Maria Henry
About Maria Henry
Maria Henry, age 58, is an independent director of NIKE, Inc. (NKE) serving since 2023, with deep CFO experience across consumer staples and PE portfolio companies and early-career training at General Electric . She currently serves on NIKE’s Audit & Finance Committee and is designated an “audit committee financial expert” by the Board . The Board affirmatively determined she is independent under NYSE rules .
Past Roles
| Organization | Role | Tenure | Committees/Impact |
|---|---|---|---|
| Kimberly-Clark Corporation | Chief Financial Officer; later EVP & Senior Advisor | CFO 2015–2022; Advisor Apr 2022–Sep 2022 | Led finance at a global CPG company; public-company CFO experience |
| Hillshire Brands (Sara Lee) | EVP & CFO; CFO, North America Retail & Foodservice | 2012–2014; 2011–2012 | Large-scale carve-out and operating finance leadership |
| Clayton, Dubilier & Rice portfolio cos. (incl. Culligan International) | EVP & CFO | Prior to 2011 | PE portfolio finance/strategy leadership |
| General Electric | Finance roles | Early career | Foundational finance training |
External Roles
| Organization | Role | Tenure | Committees/Impact |
|---|---|---|---|
| General Mills, Inc. | Director | Current | Public company board oversight (consumer staples) |
| NextEra Energy, Inc. | Director | Current | Public company board oversight (utilities/energy) |
| Kimberly-Clark de México | Director | Feb 2016–Mar 2022 | Cross-border board experience in CPG |
Board Governance
- Committee assignment: Audit & Finance Committee; meetings in FY2025: 12; Henry and Swan are “audit committee financial experts” .
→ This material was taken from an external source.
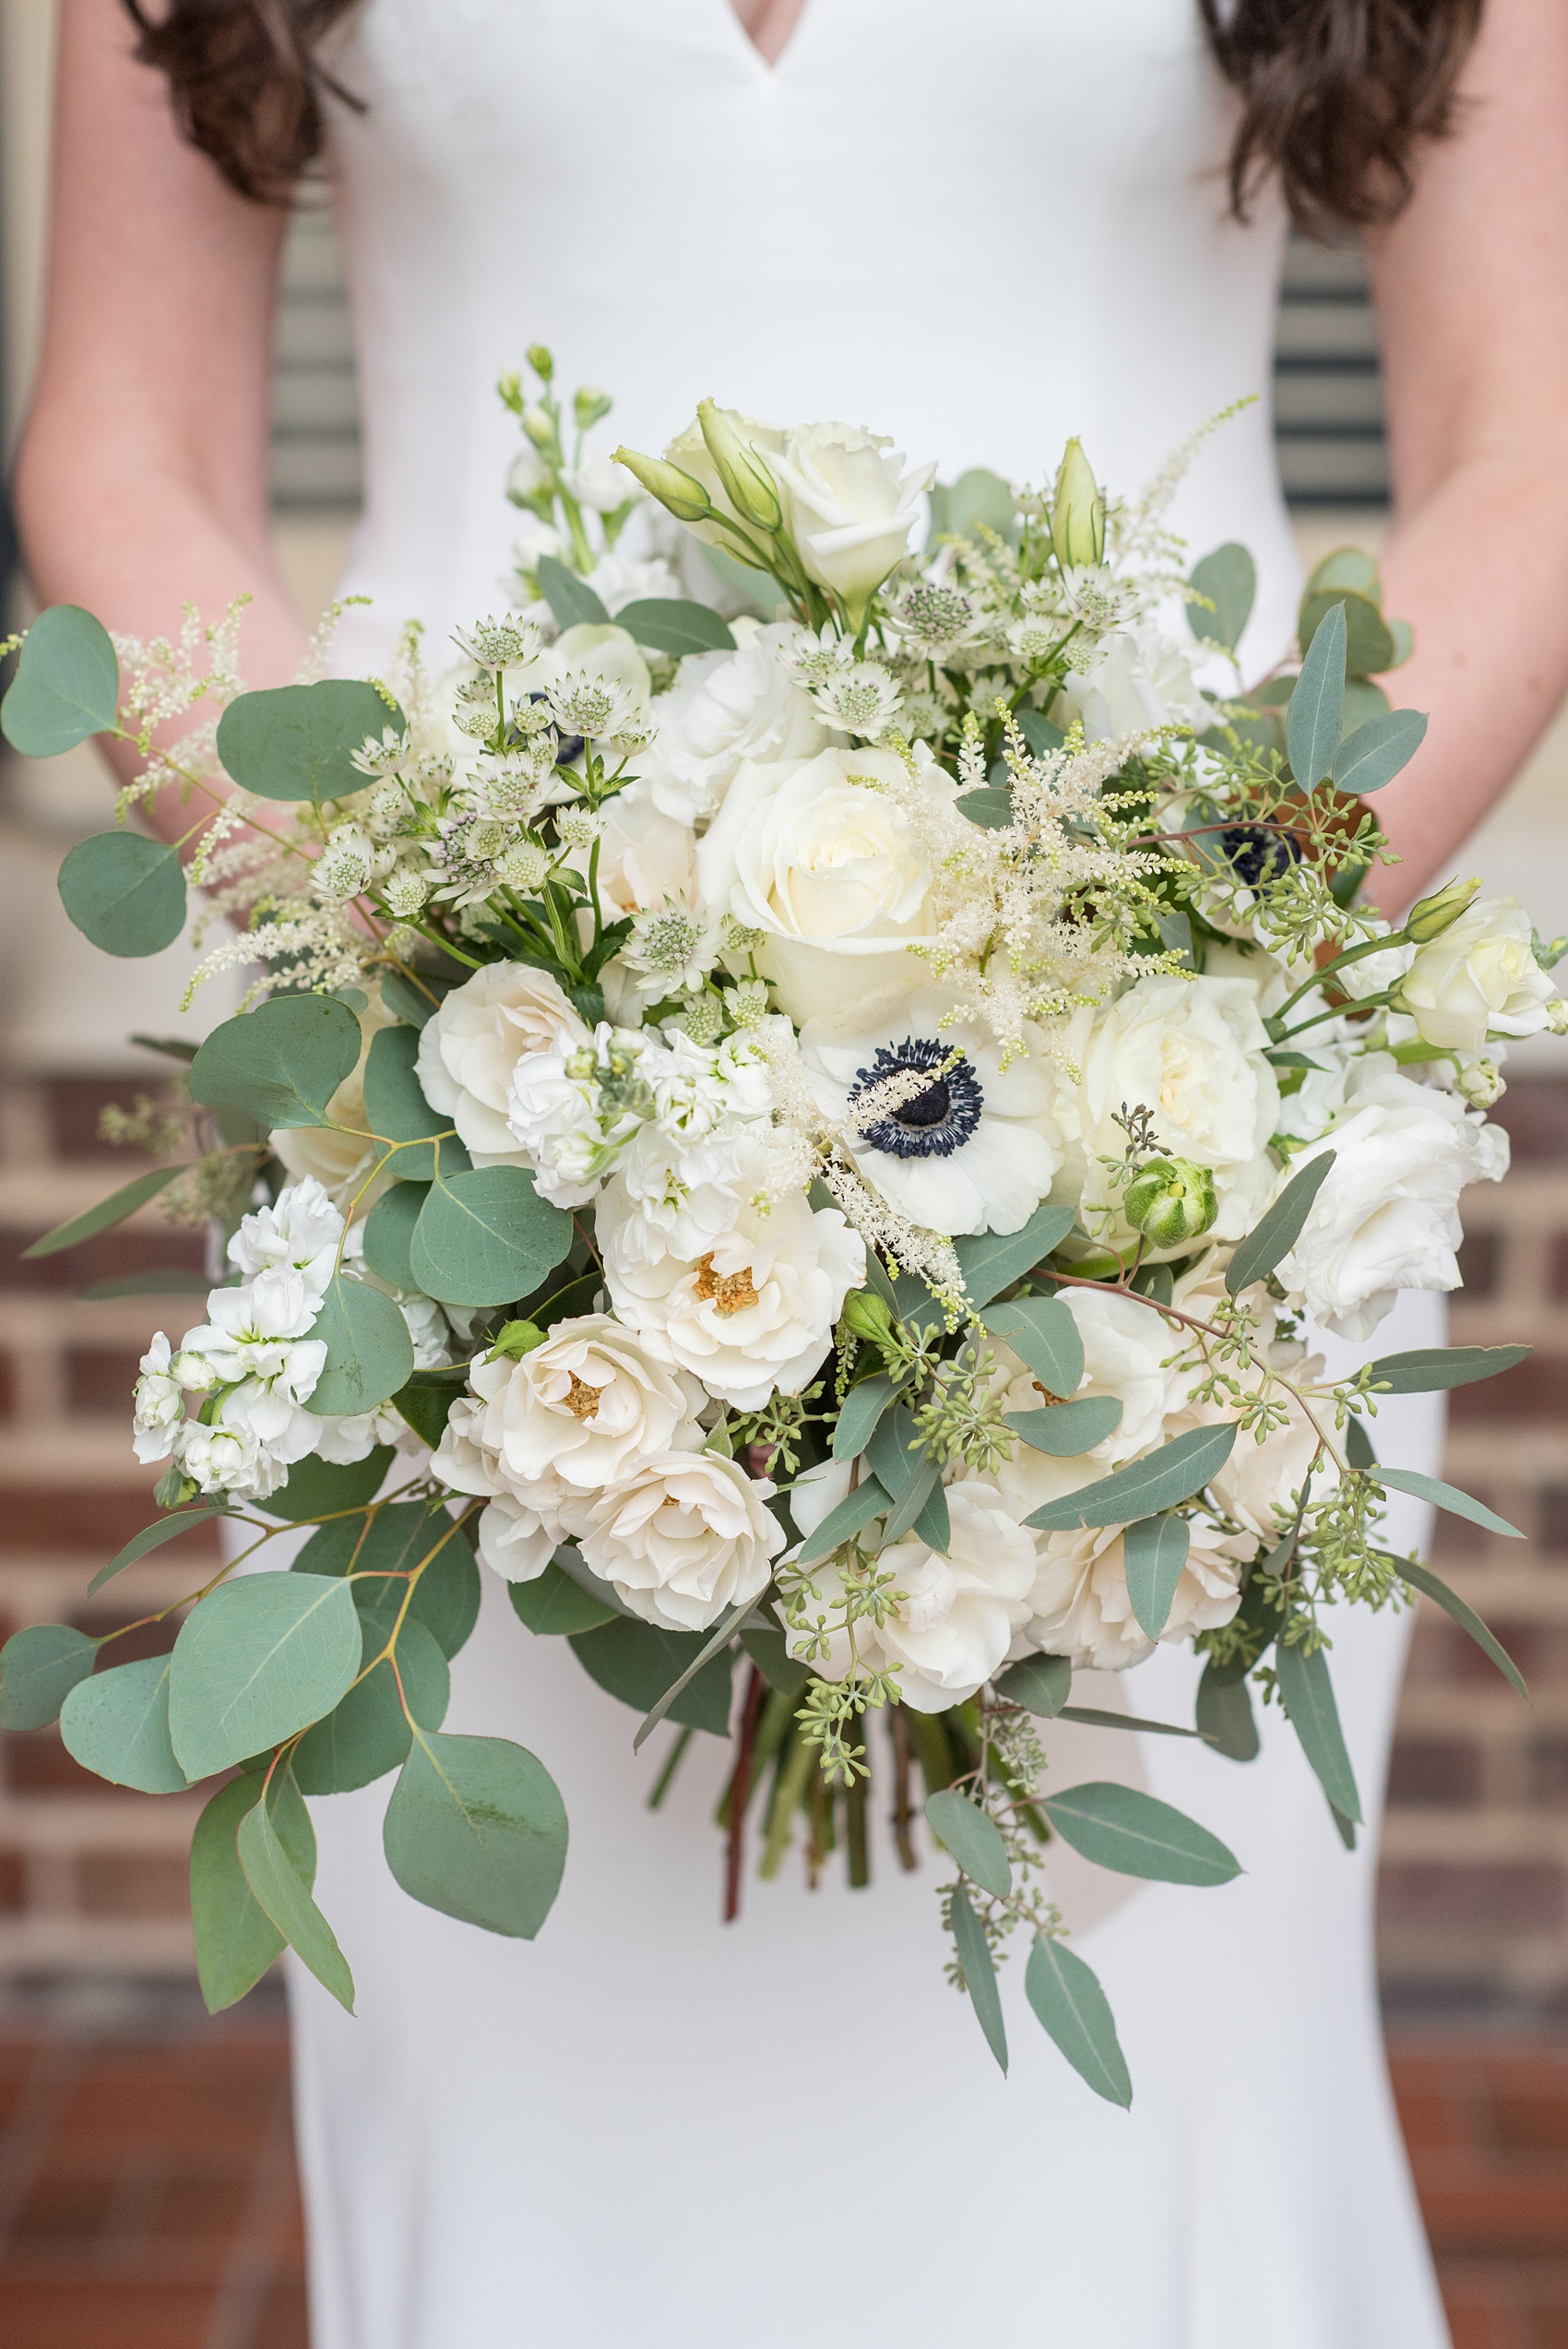 Photos of a fall wedding at The Carolina Inn, in Chapel Hill North Carolina, by Mikkel Paige Photography. This event venue doubles as a hotel for guests, who can enjoy a reception indoors or outdoors. The bride’s bouquet was white with eucalyptus greenery, including lisanthus, anemones with purple centers, and roses by The Flower Cupboard. Click through to see inspiration from the entire wedding! Planner: @asouthernsoiree #thecarolinainn #ChapelHillWeddings #MikkelPaige #bridalbouquet

- Independence: Board determined Henry is independent; categorical thresholds applied; no material relationships identified for her .
- Attendance: In FY2025 the Board held four meetings; all incumbent directors attended at least 75% of Board and relevant committee meetings; all directors then-serving attended the 2024 annual meeting .
- Audit & Finance remit includes oversight of financial reporting integrity, internal controls, capital deployment, cybersecurity/data protection, compliance, and risk management processes .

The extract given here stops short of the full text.